- [Requirement] Return all of the data exactly, with nothing left out but the pictures.

- [Available data]
---
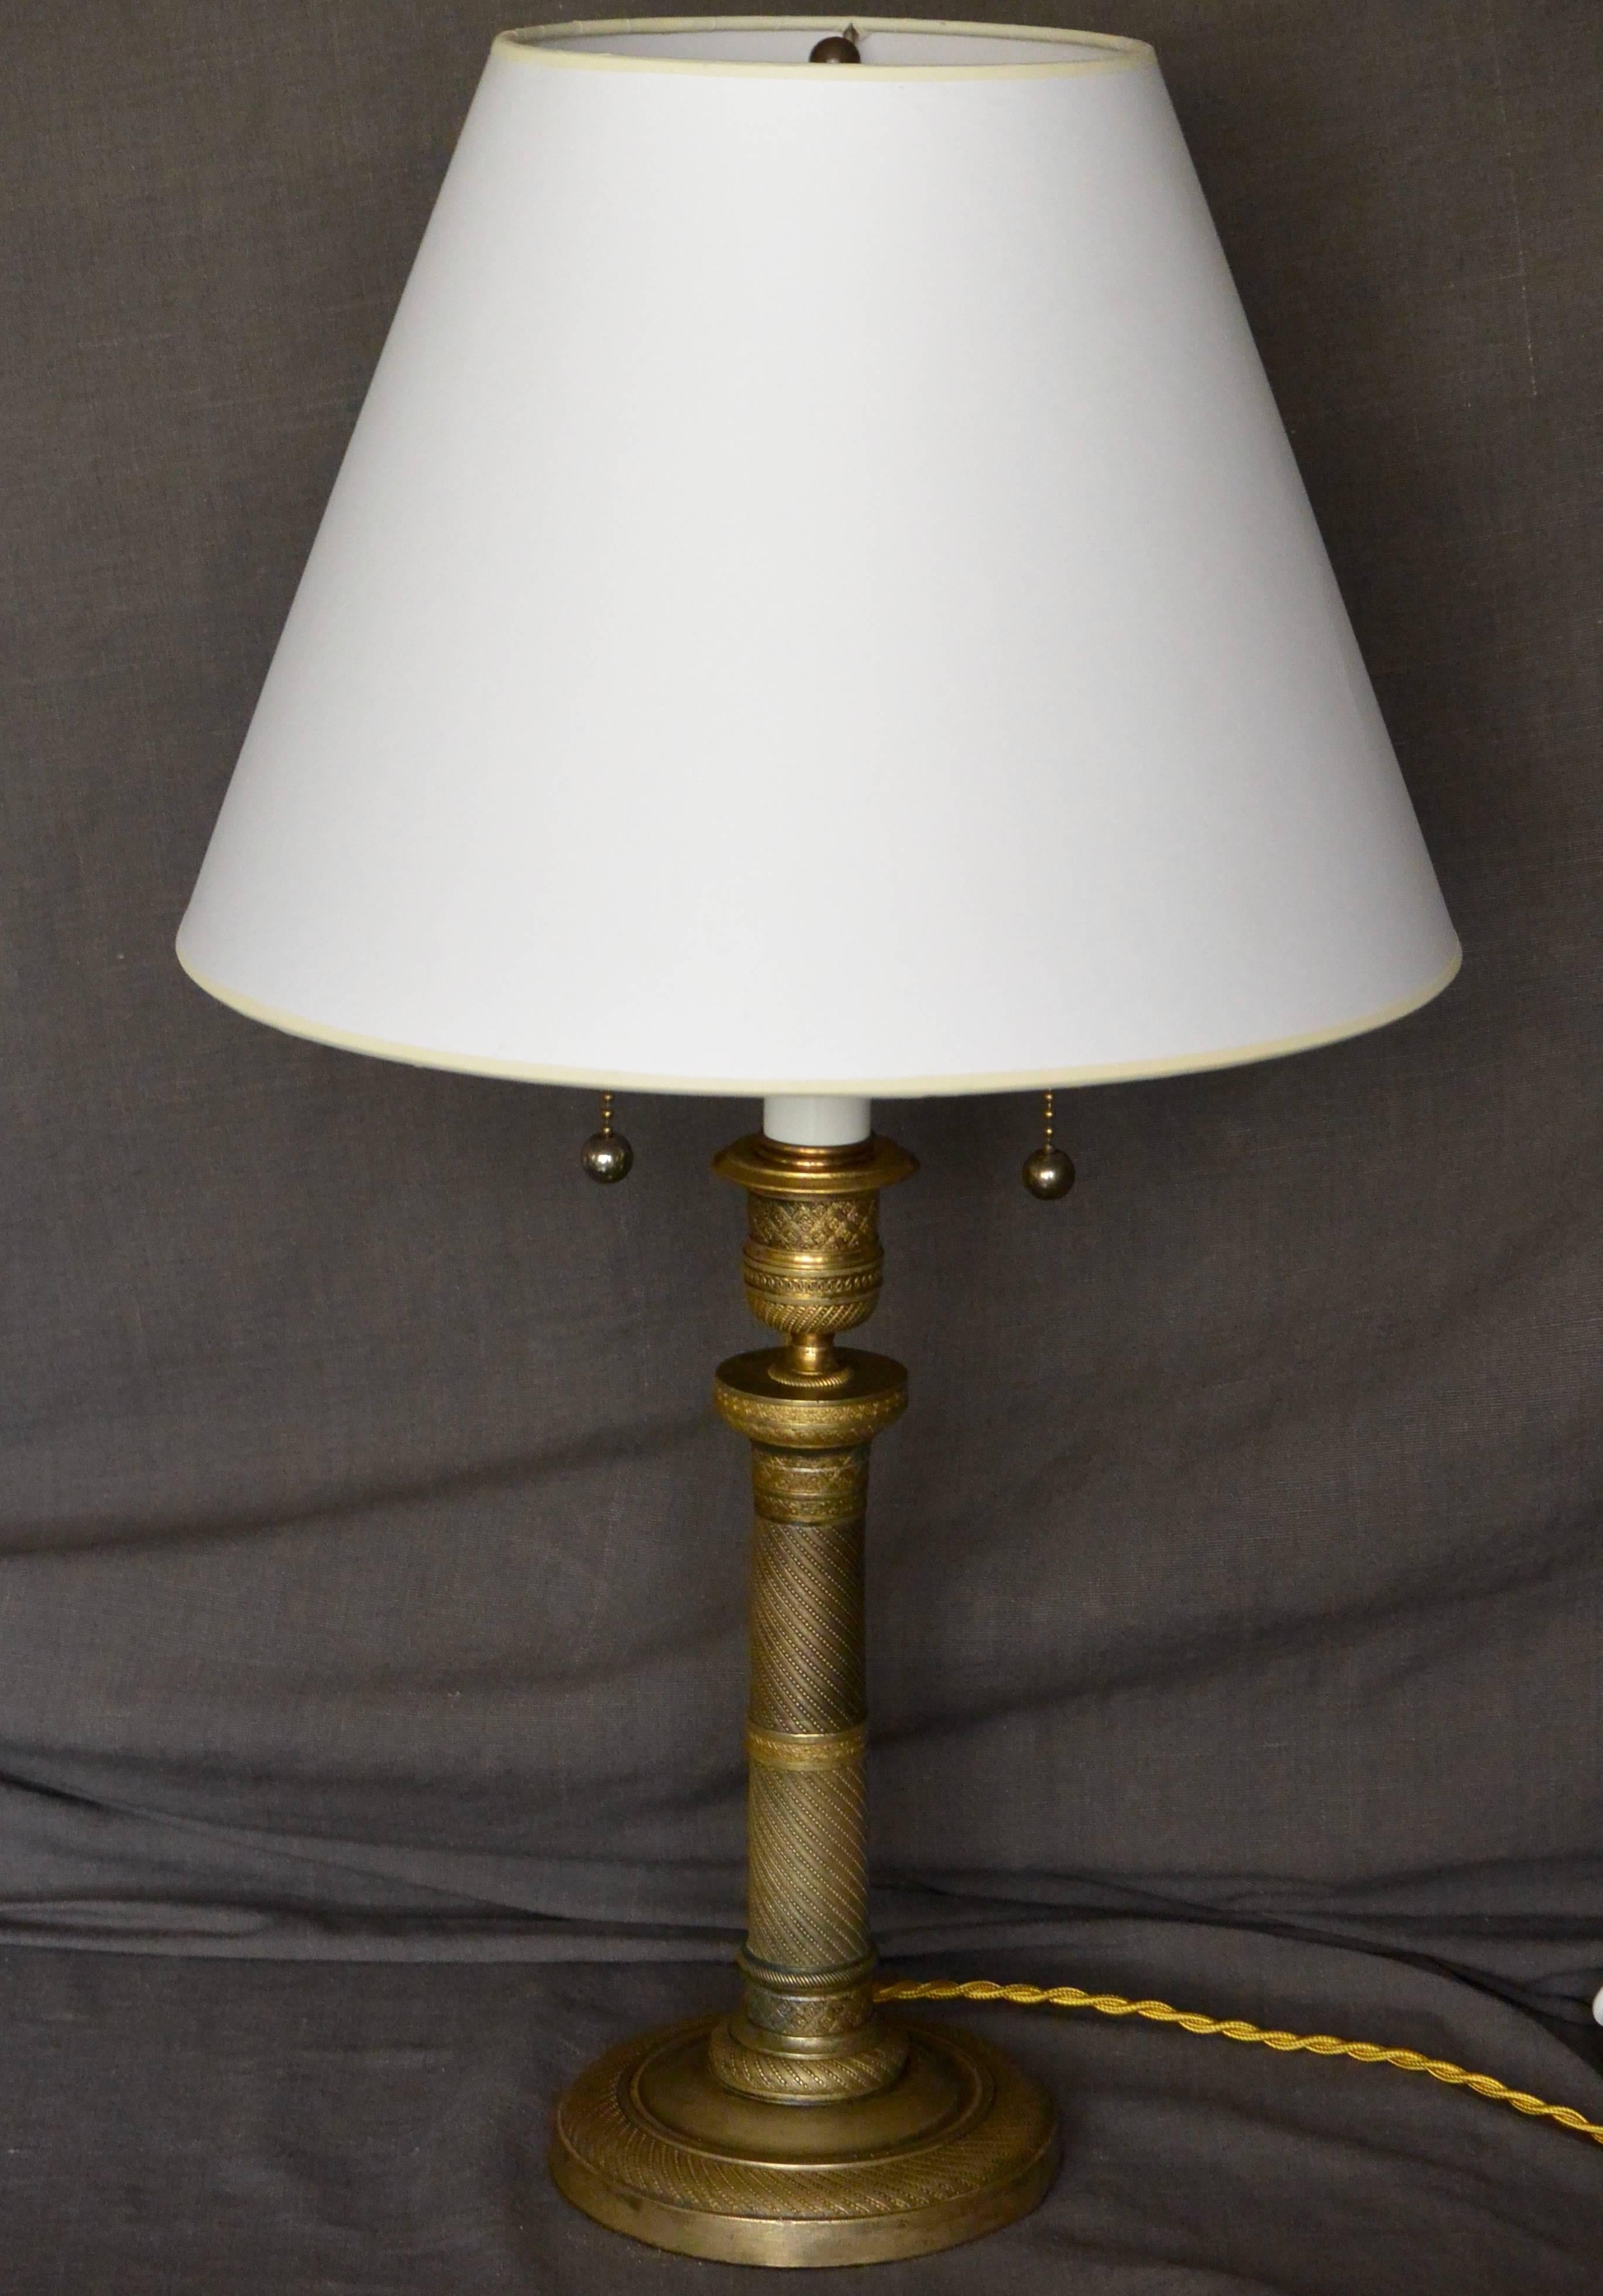 Charles X gilt metal candlestick lamp. Charles X gilt metal candlestick mounted as a lamp, newly re-electrified with two lights in gold silk cord and switch.  France, circa 1830. 
Lampshade is optional and not included.  
Dimensions: 5
---
- [Answer to this exercise]
 Charles X gilt metal candlestick lamp. Charles X gilt metal candlestick mounted as a lamp, newly re-electrified with two lights in gold silk cord and switch.  France, circa 1830. 
Lampshade is optional and not included.  
Dimensions: 5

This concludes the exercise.